Но зато и он чувствует себя защищенным. Причем со всех сторон. Стоило императору заинтересоваться алхимиком, а у нас уже готово шоу. Главное — это не обнадеживать Рудольфа, не обещать ему философского камня и рек золотых. А остальное… хочет император обманываться? Флаг ему в руки.
Венеция
После того, как Марино Гримани был избран дожем, жизнь Энрико стала намного богаче событиями. Да и вообще богаче, чего уж душой кривить. Он ведь тоже был Гримани, пускай и по матери. Но доверие… доверие следовало заслужить. А он принес не слишком хорошие новости.
— Энрико, рад тебя приветствовать, — Марино Гримани подал руку для поцелуя. Дож был в своем любимом наряде из золотистой ткани, расшитой золотом и подбитой горностаем.
— Ваша светлость, служить вам для меня — великая честь.
— Мне сказали, что ты принес нерадостные вести. И что просил о встрече именно здесь. Я снизошел к твоей причуде…
— Ваша светлость. Вести, которые до меня дошли… о них мало рассказать, из нужно показать. А здесь прекрасное освещение и много места. Прошу простить, если невольно проявил недостаточное почтение…
— Посмотрим на то, что ты продемонстрируешь.
— Это связано с тем, что мы начали терять покупателей, — быстро пояснил Энрико. — Я послал своих людей, и достал товары наших конкурентов.
По его знаку слуги откинули ткань, и Марино Гримани в самый последний момент подавил неуместный восторженный вздох. Это действительно было великолепно!
— Теперь я вижу, что никто из наших мастеров действительно не продавал секреты на сторону, — признал дож.
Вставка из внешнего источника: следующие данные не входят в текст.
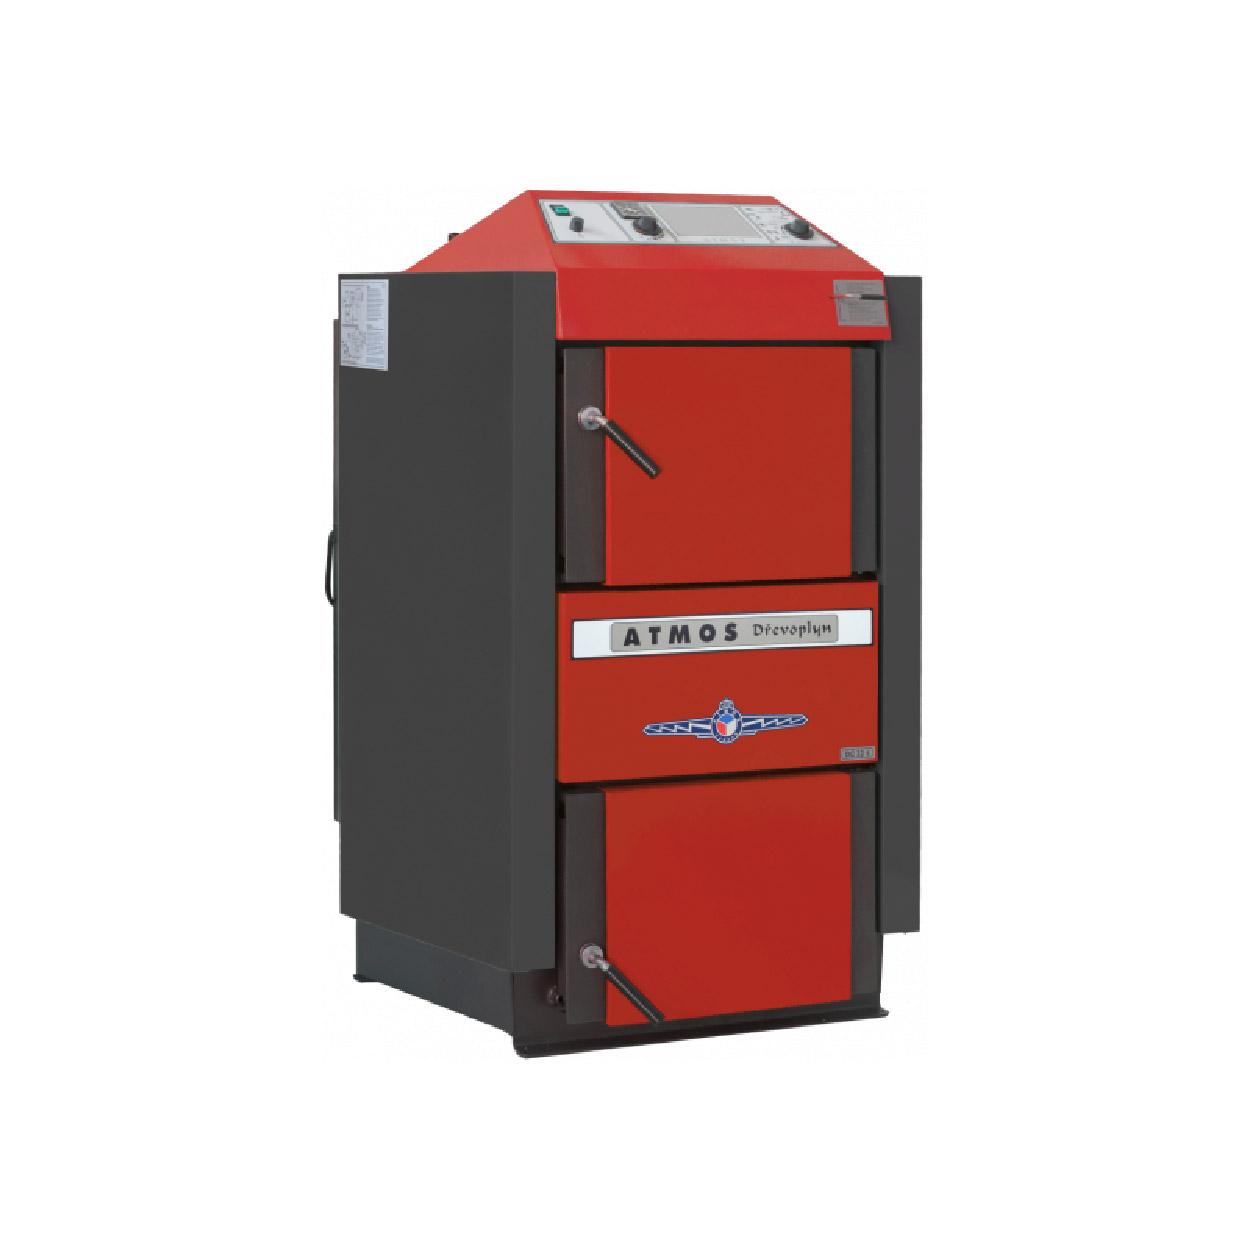 Centrala termica pe lemne ATMOS DC70GSX 70 kW fornello imagine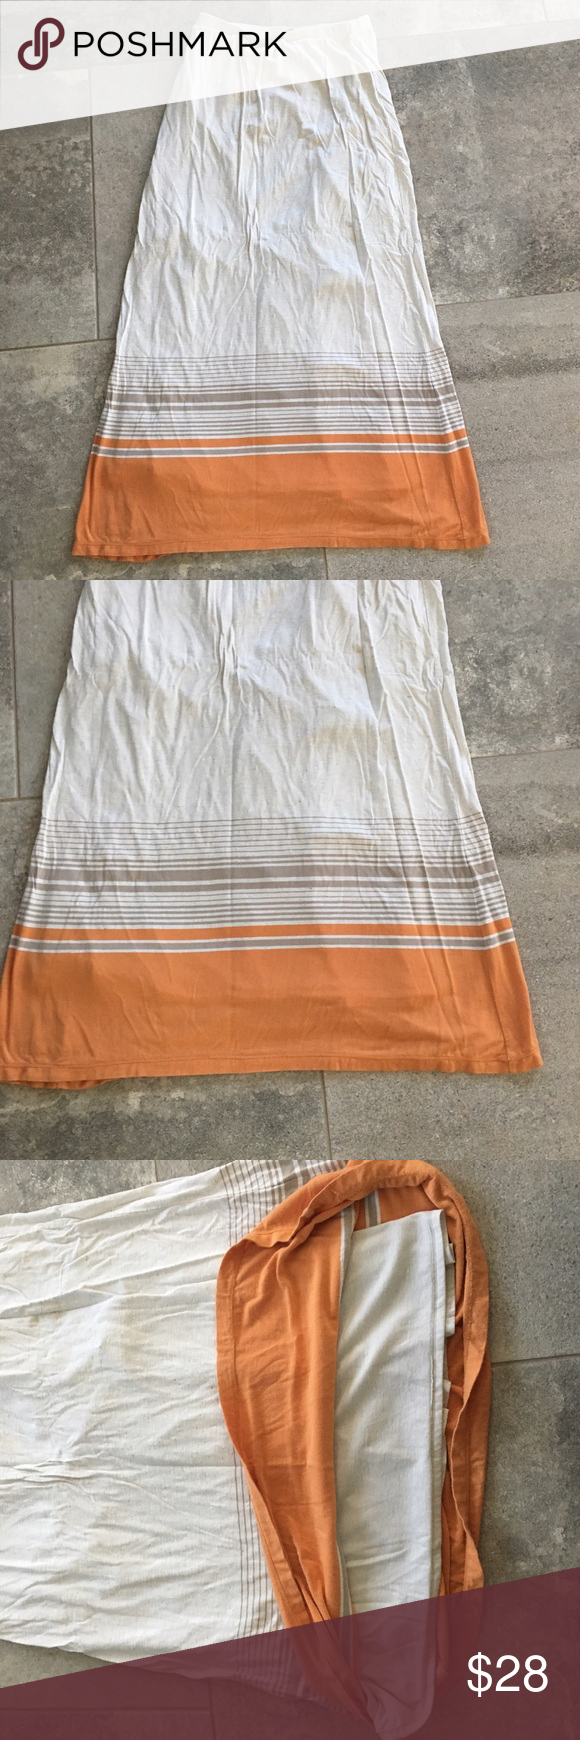 Cream & Orange Striped Maxi Skirt | Maxis, Colors and Maxi skirts

Была такая мысль, была. Человек слаб, а большие деньги открывают любые двери. Отчасти именно поэтому Марино Гримани хотел получить продукцию конкурента. У каждого мастера был свой стиль. И дож надеялся, что сможет вычислить предателя. Однако надежды его развеялись, как дым. Ибо нельзя продать секрет, которым не владеешь.
Дожу и раньше привозили работы конкурентов. И богемское стекло было очень неплохим. Но теперь перед ним стоял совсем другой уровень работ. Цвет стекла стал насыщеннее, на нем появились грани, и смотрелось оно на удивление дорого. А Энрико преподнес ему еще и перстень. Очень необычно обработанный. Драгоценный камень в нем тоже имел множество граней и необыкновенно играл на свету.
Но больше всего Гримани поразили зеркала. Неприятно поразили. Ибо и тут венецианские мастера уступали пражским умельцам. Зеркала были идеальны и отражали довольно четко. Одно было небольшим, круглым, с мужскую ладонь, в изысканной оправе с ручкой. Другое было квадратным, в оправе попроще, но зато раза в три больше размером.
— Есть еще два вида товаров мои люди купить не смогли, — признал Энрико. — Несмотря на высокие цены, изготавливаются они на заказ. И на них очередь.
— Дороже зеркал? — поразился Марино Гримани.
— В первом случае, это и есть зеркала. Но с добавлением золота. Совершенно потрясающий эффект. А во втором — стекло. Но, говорят, в него тоже добавляют золото. Называется оно рубиновое. И пока изделия из него — это единичные пробные экземпляры.
— И кто сумел создать эти редкости?
— Некий алхимик, магистр Бендер, — пояснил Энрико, порадовавшись, что догадался узнать нужное имя. — Ему покровительствует Густав Шведский. Принц, лишенный престола и права наследования.
— Он же еще молод? — удивился Марино Гримани.
— Меньше трех десятков лет. Похоже, принцу повезло. До встречи с магистром Бендером он не проявлял особых талантов. Хотя сам увлекался алхимией. И учился в Падуе.
— Да, но про магистра Бендера, как я понимаю, тоже никто ничего не слышал до тех пор, пока тот не встретился с принцем, — возразил дож. — Есть вероятность, что его высочество просто не желает афишировать свои способности. Разве, будучи еще совсем юнцом, он не получил славу «нового Парацельса»?